Managers are often too far removed from day-to-day work. By interviewing several strong performers and a few superstars, you can build a clear job profile. Processes are easier to analyze because they involve a series of steps, each producing an output that flows to the next step.
AI and Performance Improvement
Dr. Carl: AI can dramatically accelerate performance analysis.
For example, I once asked ChatGPT to list 100 workplace examples of things that set expectations for performance. In seconds it generated a categorized list that would have taken me a day to create. AI can also help analyze work outputs and behaviors. I don’t think AI will eliminate most jobs. Instead, it will help people perform better by accelerating analysis and design work.
Becoming Performance Consultants
Dr. Carl: Many L&D organizations want to become performance consultants. Often training teams say, “That’s not a training problem.” But if they develop broader performance skills, they can address issues like:
- Unclear expectations
- Poor feedback systems
- Missing tools
- Misaligned incentives
By using frameworks like the Six Boxes Model, L&D can solve real business problems and deliver greater value.
Critique of the Skills-Based Organization Trend
Nolan: How does this approach fit with organizations building skill maps and skills-based systems?
Dr. Carl: I think the skills-based trend is largely jargon, like competency modeling.
Skills rarely transfer neatly across contexts. Even writing skills differ depending on whether you’re writing procedures, reports, or training materials.
Instead of starting with skill lists, start with what people must produce and then determine which skills are necessary.
Learning for Performance
Nolan: At Infopro our tagline used to be “Learning for Performance.” That idea resonates with this conversation.
Dr. Carl: Exactly. L&D should help organizations deliver more value by enabling people to produce better outputs with higher productivity and quality. Skills matter, but they should be derived from the outputs required.
The Power of Job Aids
Dr. Carl: Joe Harless once said: Inside every fat training course is a thin job aid. Often performance problems can be solved with:
- Job aids
- Checklists
- Better expectations
- Feedback from supervisors rather than long training programs.

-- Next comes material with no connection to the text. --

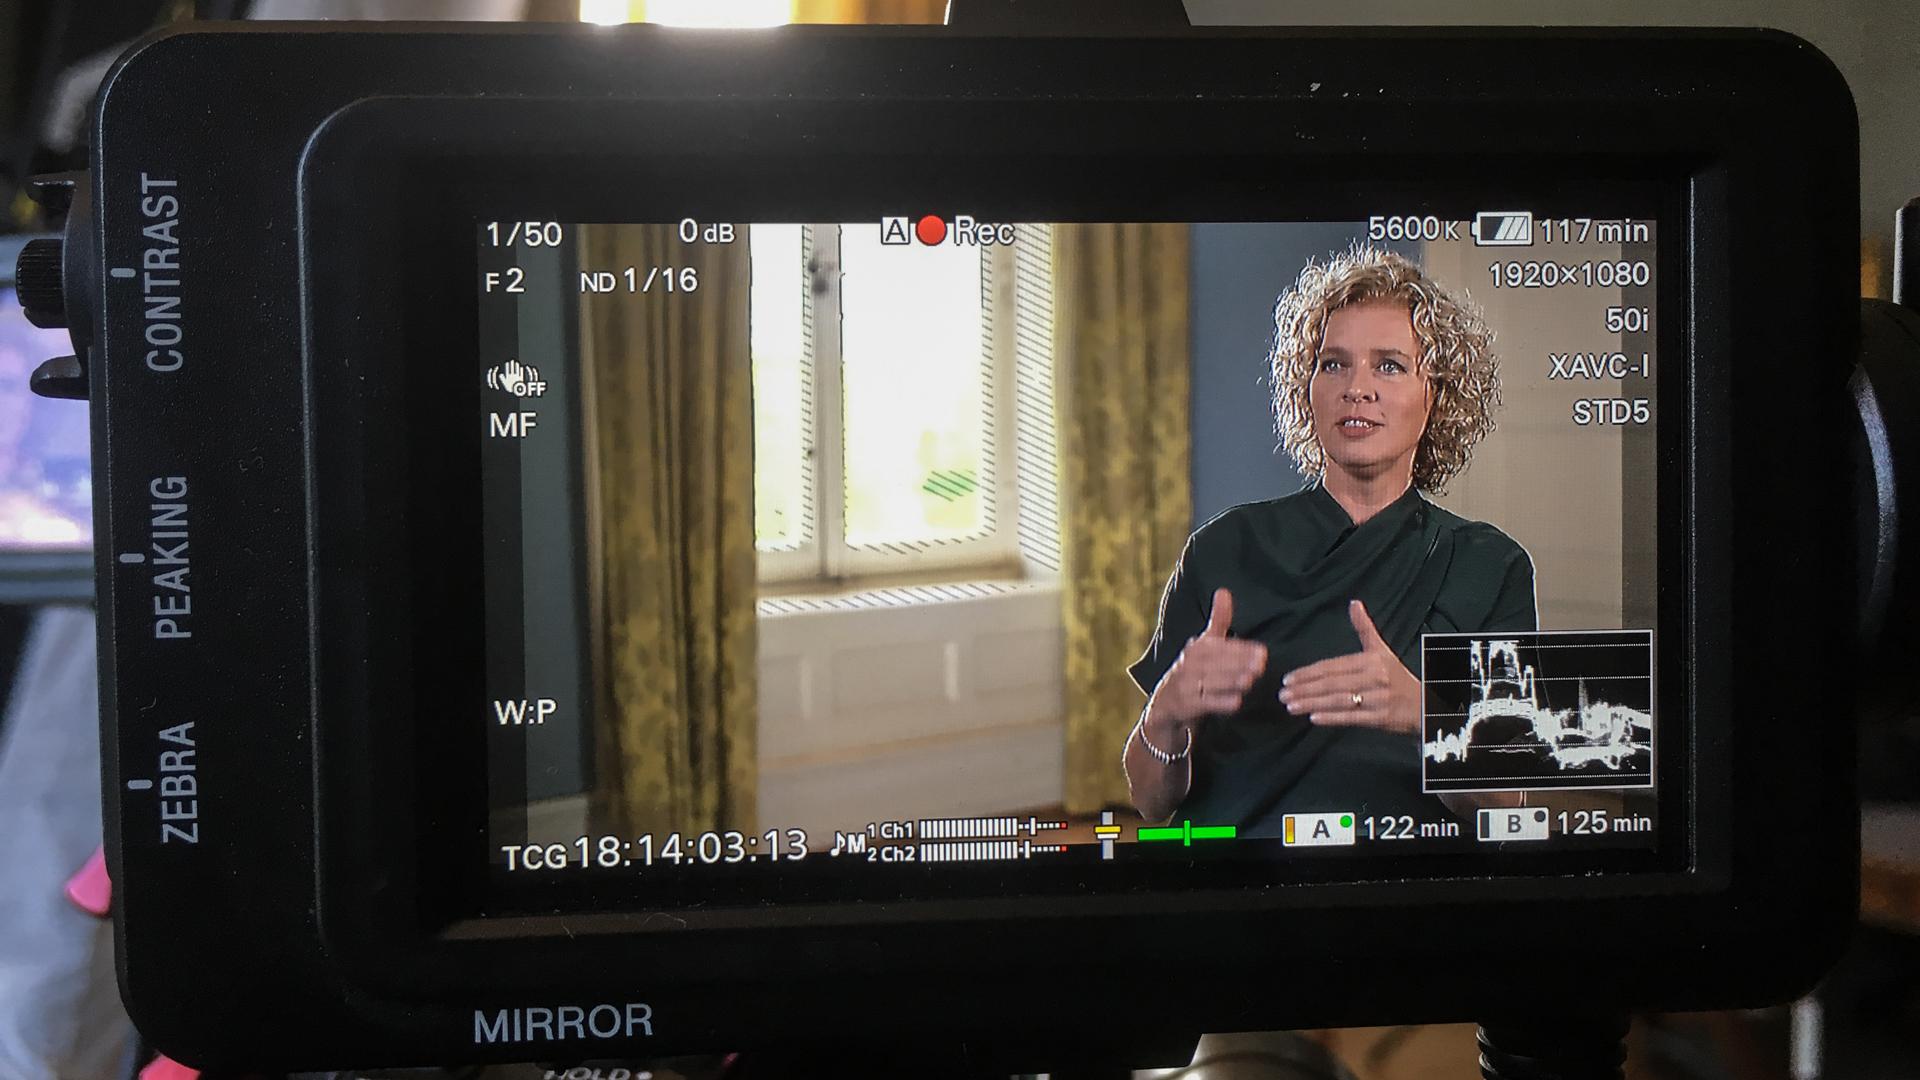 Diana dokumentation for Spiegel tv dokumentation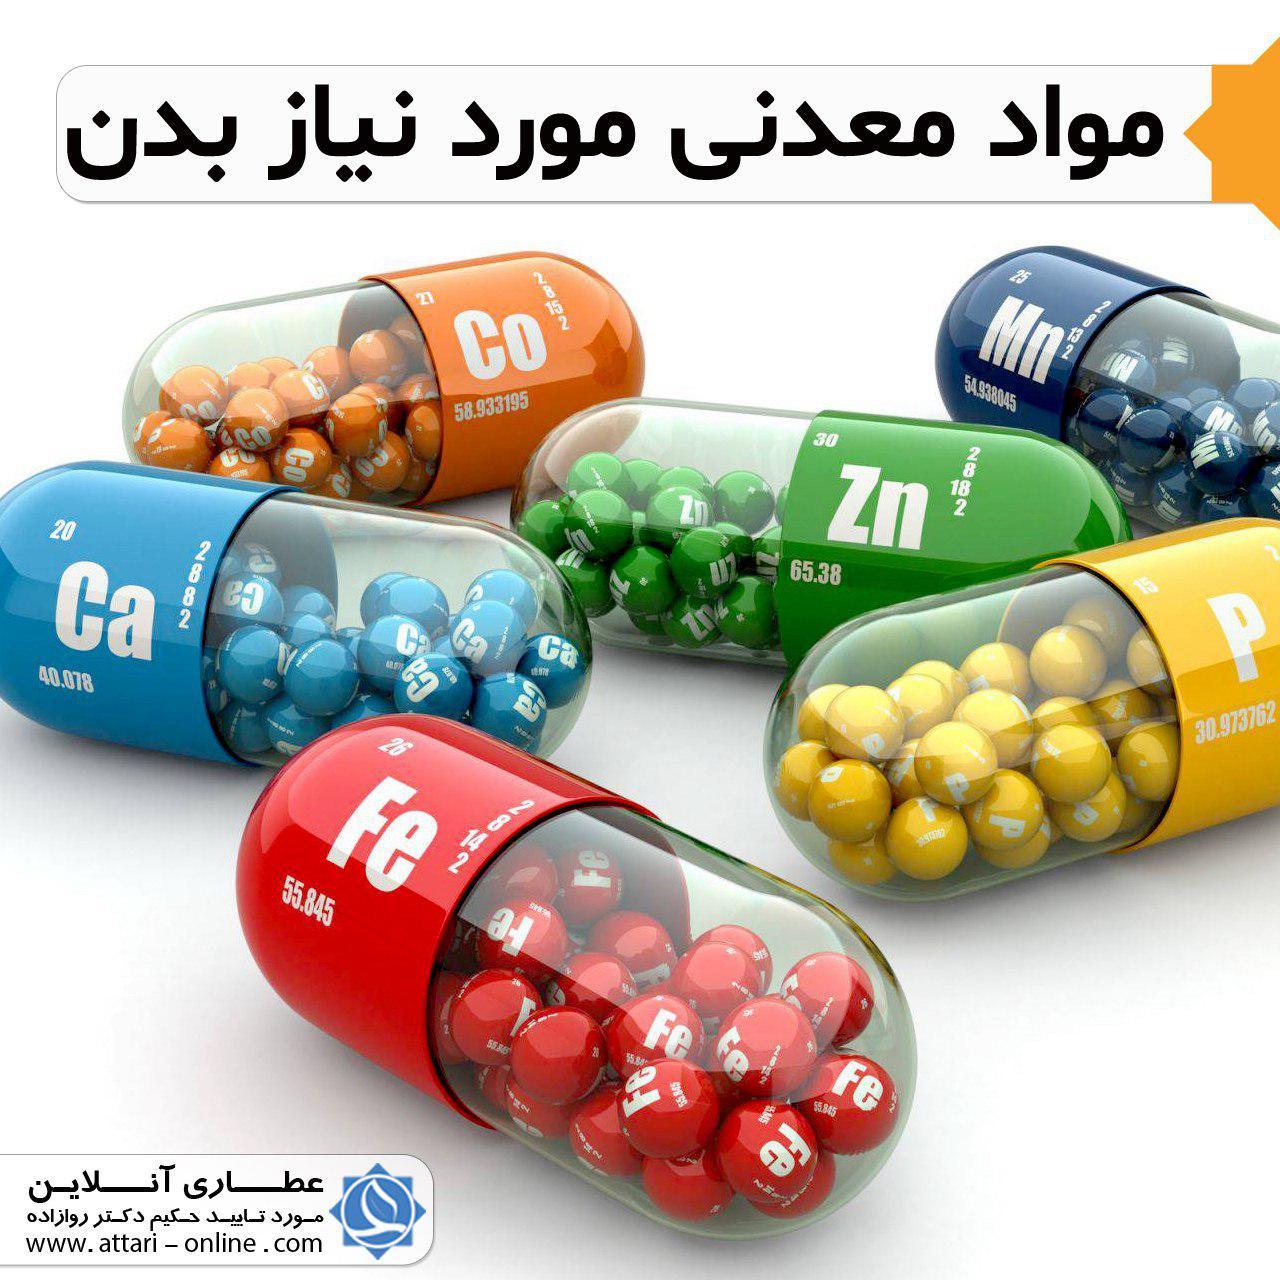 photo 2018 12 20 11 29 32 مواد معدنی مورد نیاز بدن

The goal is maximizing return on investment.
ROI of Performance Interventions
Dr. Carl: Tom Gilbert described the value of an intervention as:
Value of improved outputs ÷ cost of producing the behavior change
Sometimes a simple job aid and clear expectations can produce the same results as a large training program at a fraction of the cost.
Closing Thoughts
Nolan: You can’t improve thirty things at once. Find where the biggest performance impact can happen and focus there.
Dr. Carl: Exactly.
Nolan: Carl, thank you so much for joining us today.
Dr. Carl: Thank you. I had fun.
Nolan: Thanks again. Take care.
Dr. Carl: Take care. Bye.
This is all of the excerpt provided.